------ Source data
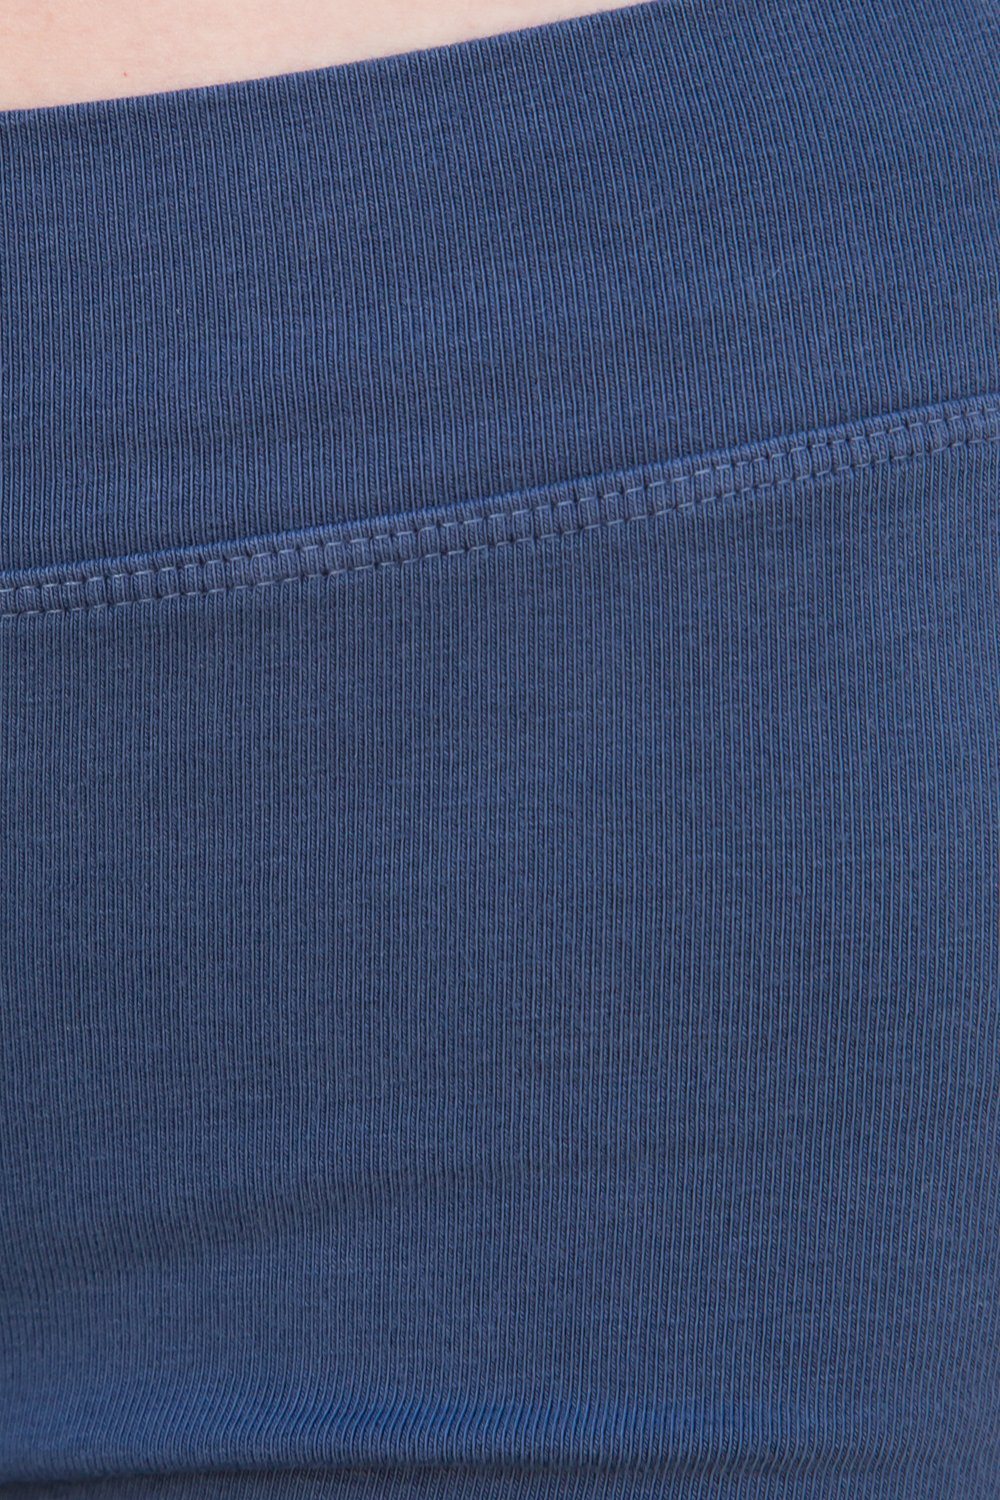 Faded Navy Blue / XS/S
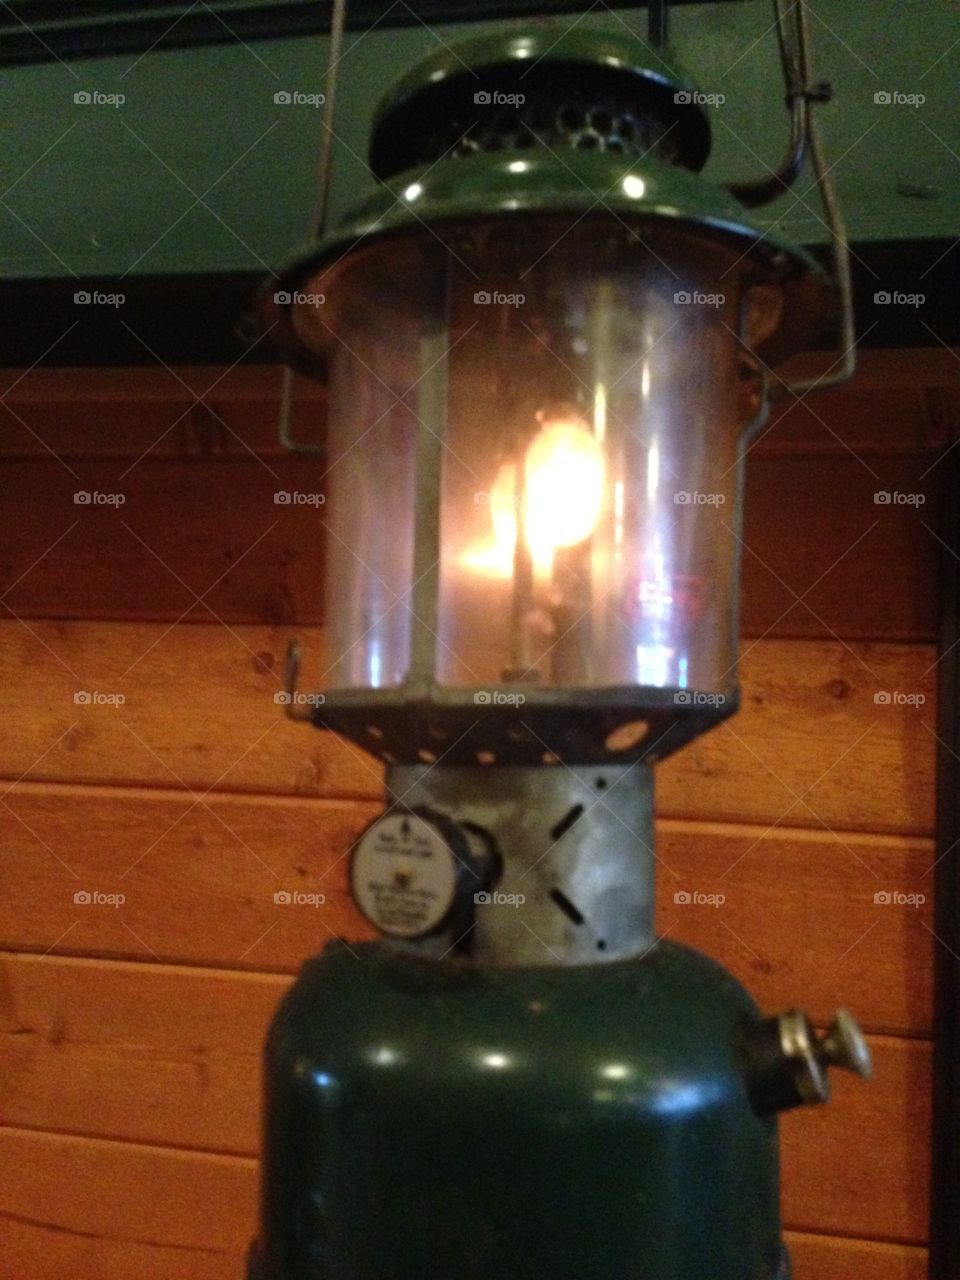 Look, it's an old, back in the day camping lantern on a table.
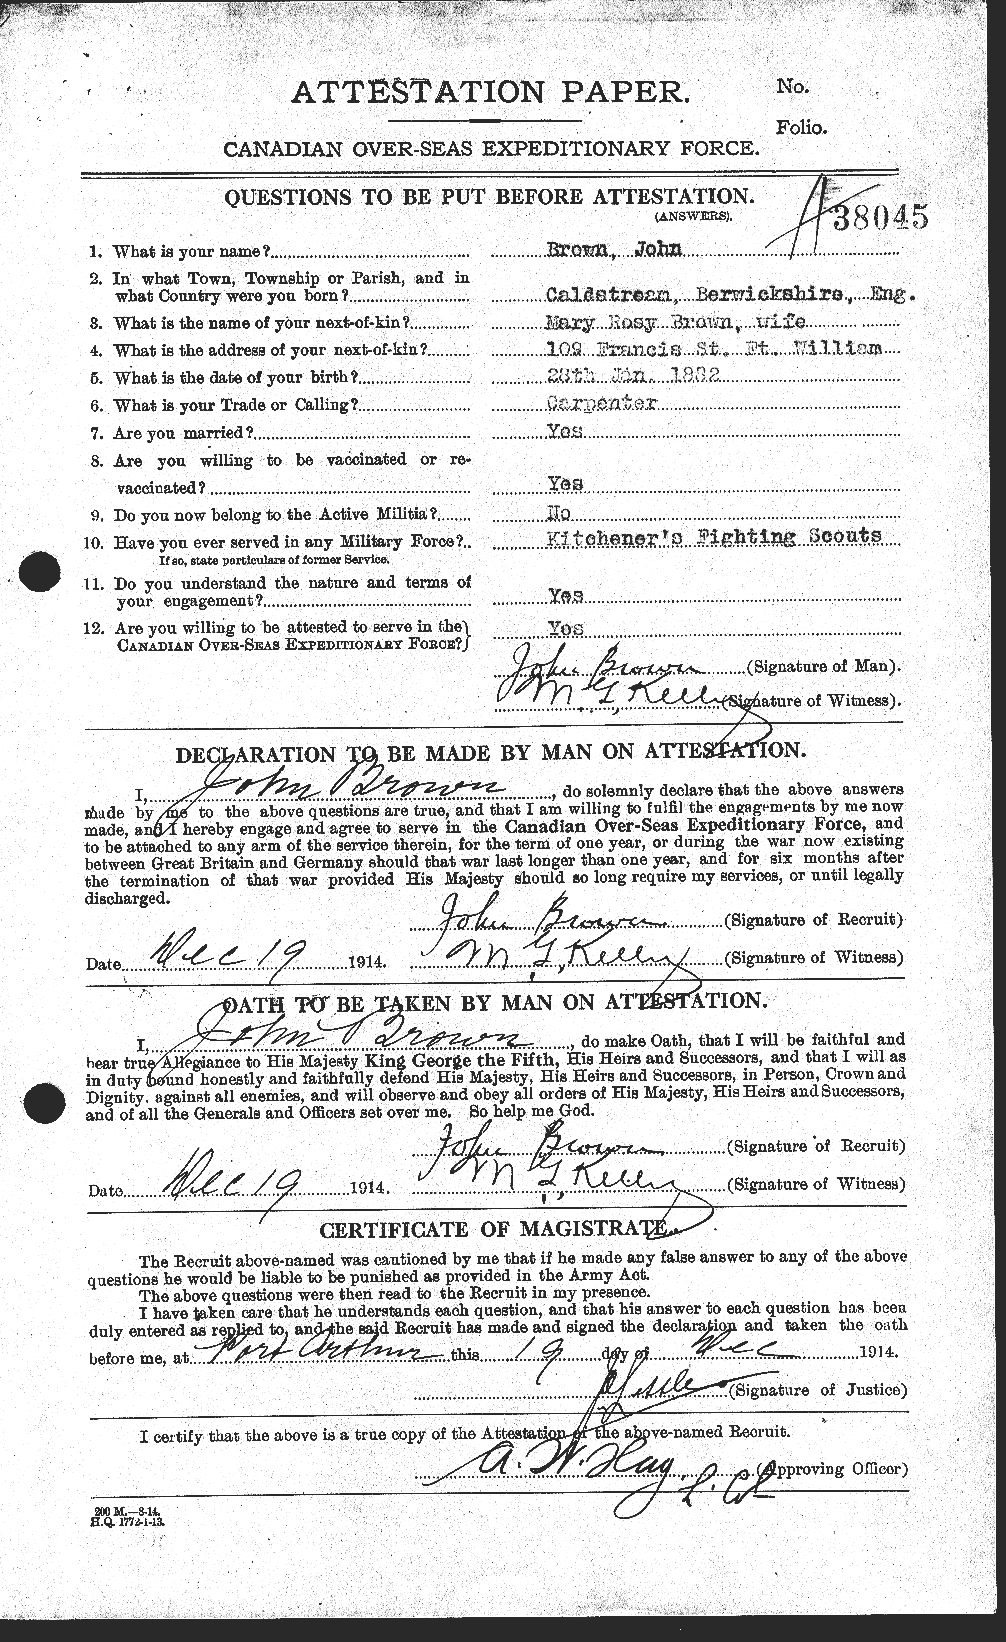 Personnel Records of the First World War - CEF 264532a
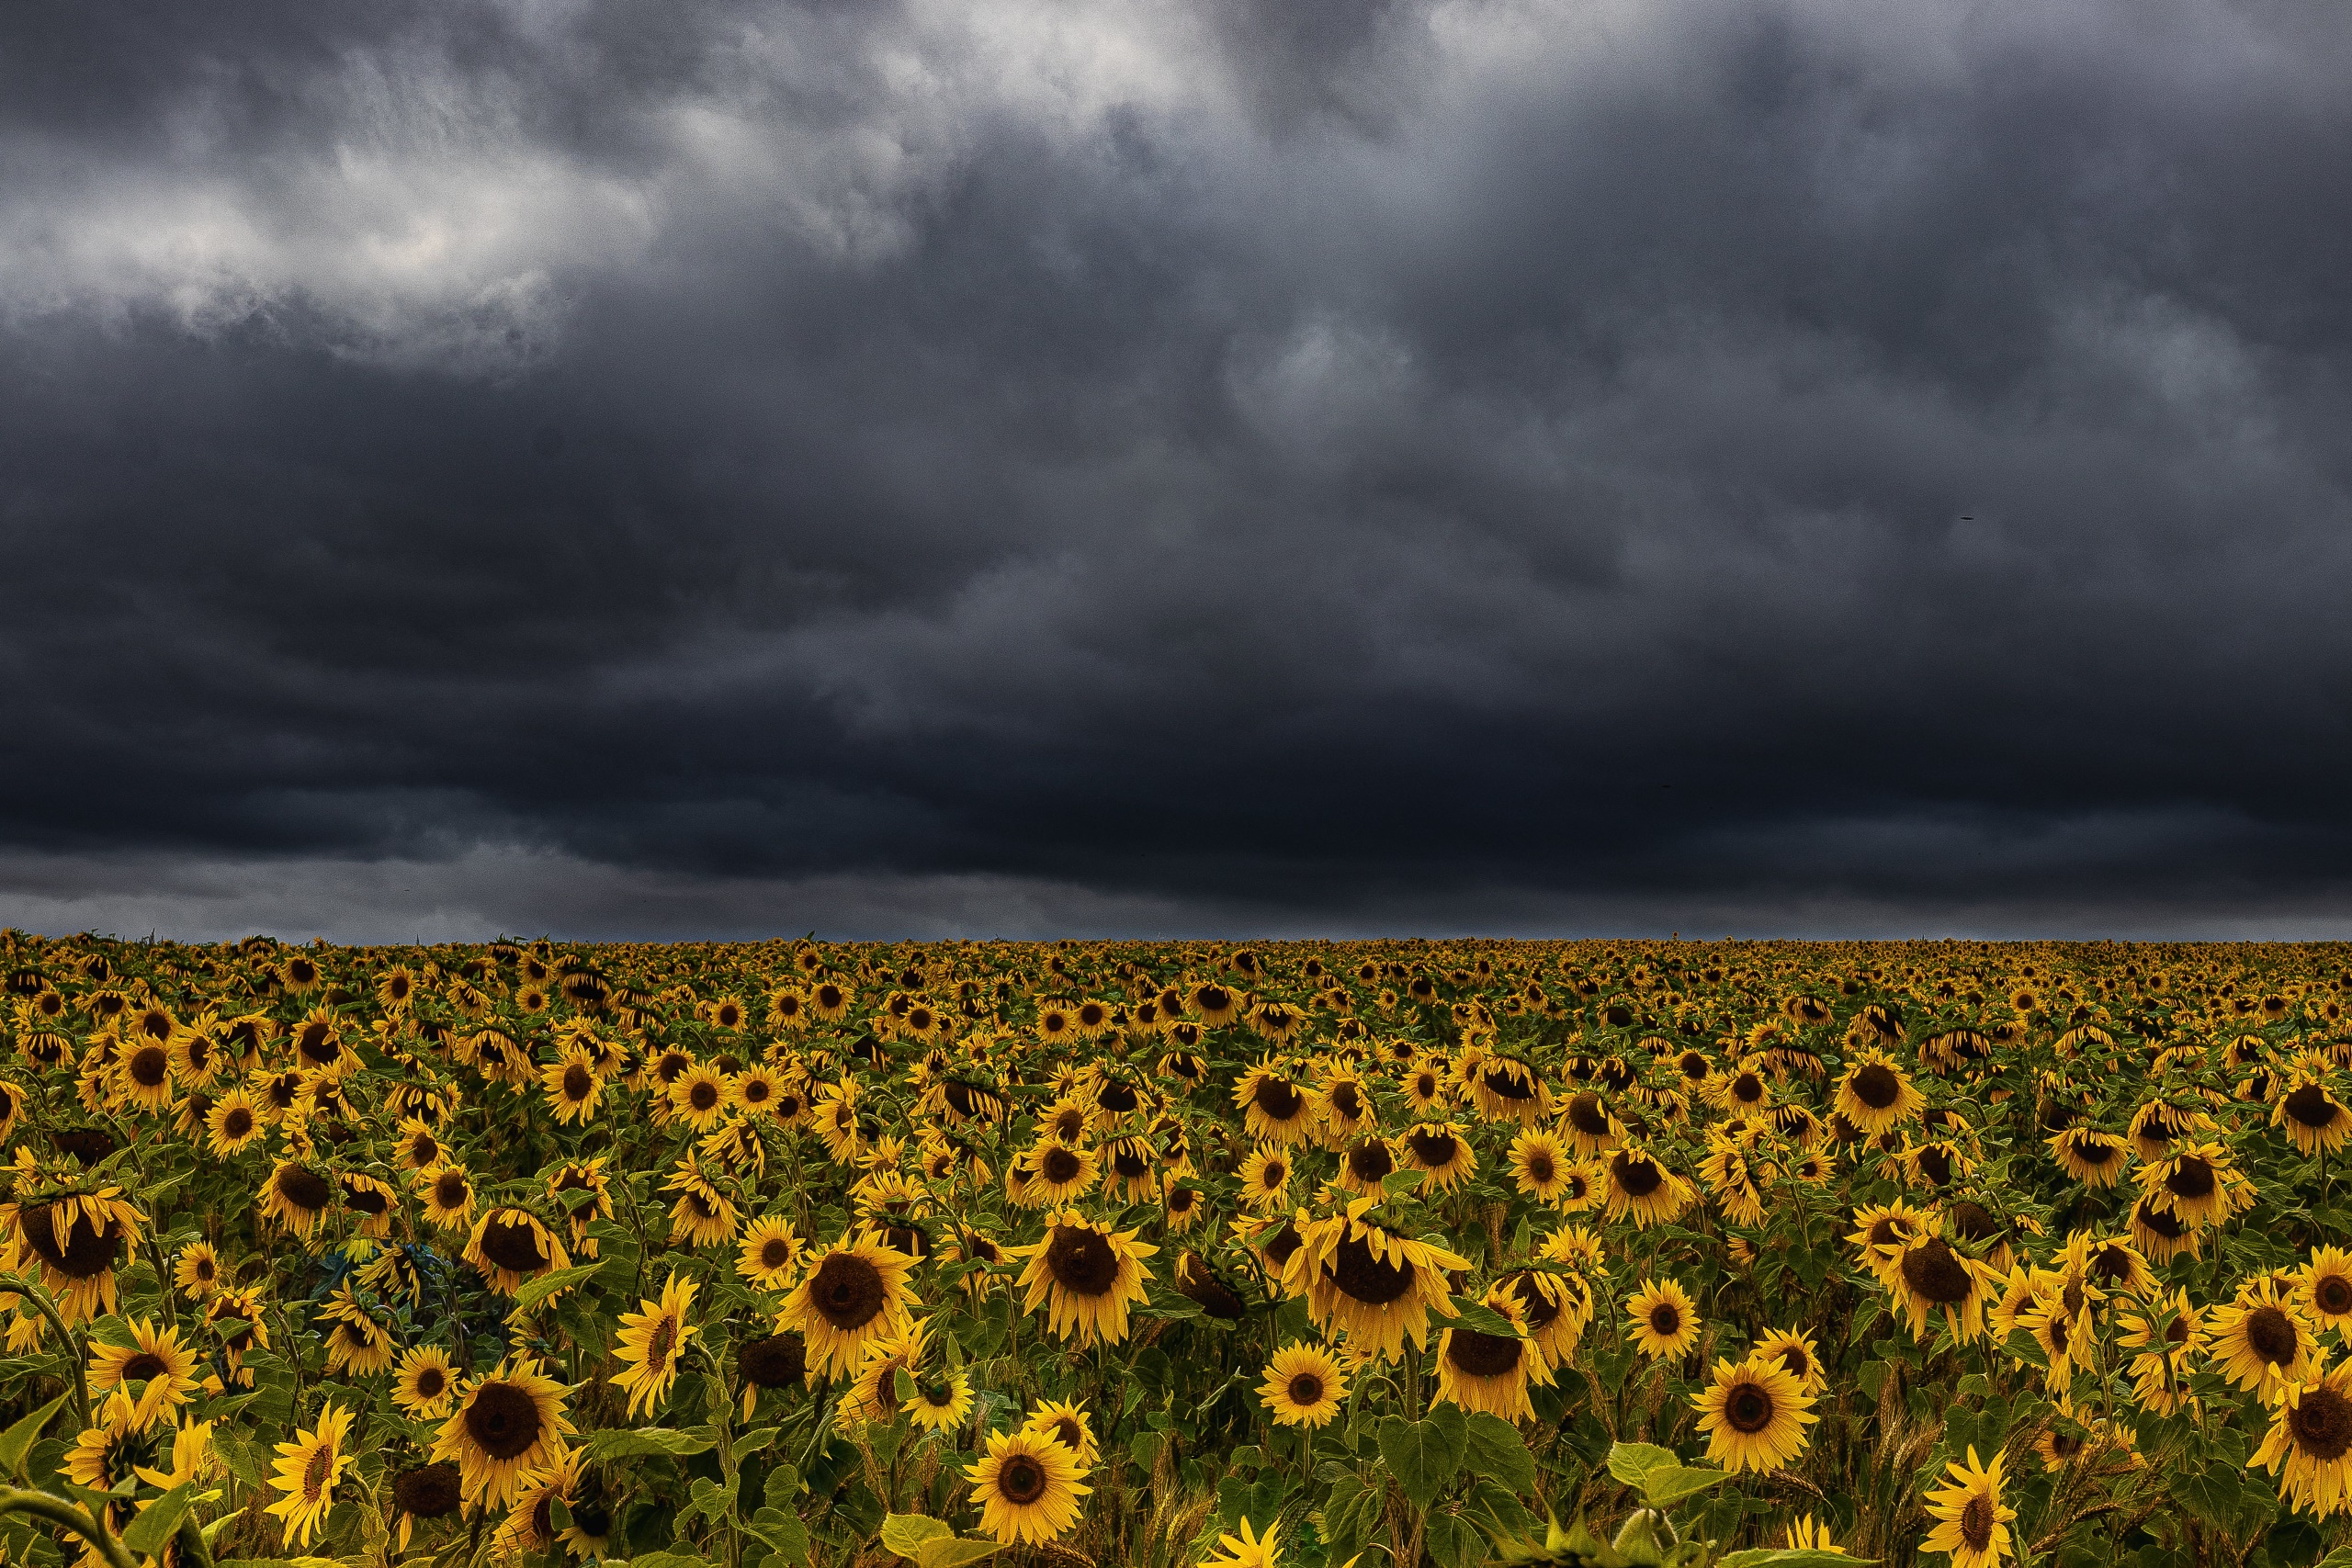 General 2560x1707 outdoors landscape dark clouds field Agro (Plants) sunflowers flowers yellow flowers plants nature
------------
Work instruction: All of the listing should be transcribed exactly, but none of its images.

Problem solution:
 Faded Navy Blue / XS/S
 Look, it's an old, back in the day camping lantern on a table.
 Personnel Records of the First World War - CEF 264532a
 General 2560x1707 outdoors landscape dark clouds field Agro (Plants) sunflowers flowers yellow flowers plants nature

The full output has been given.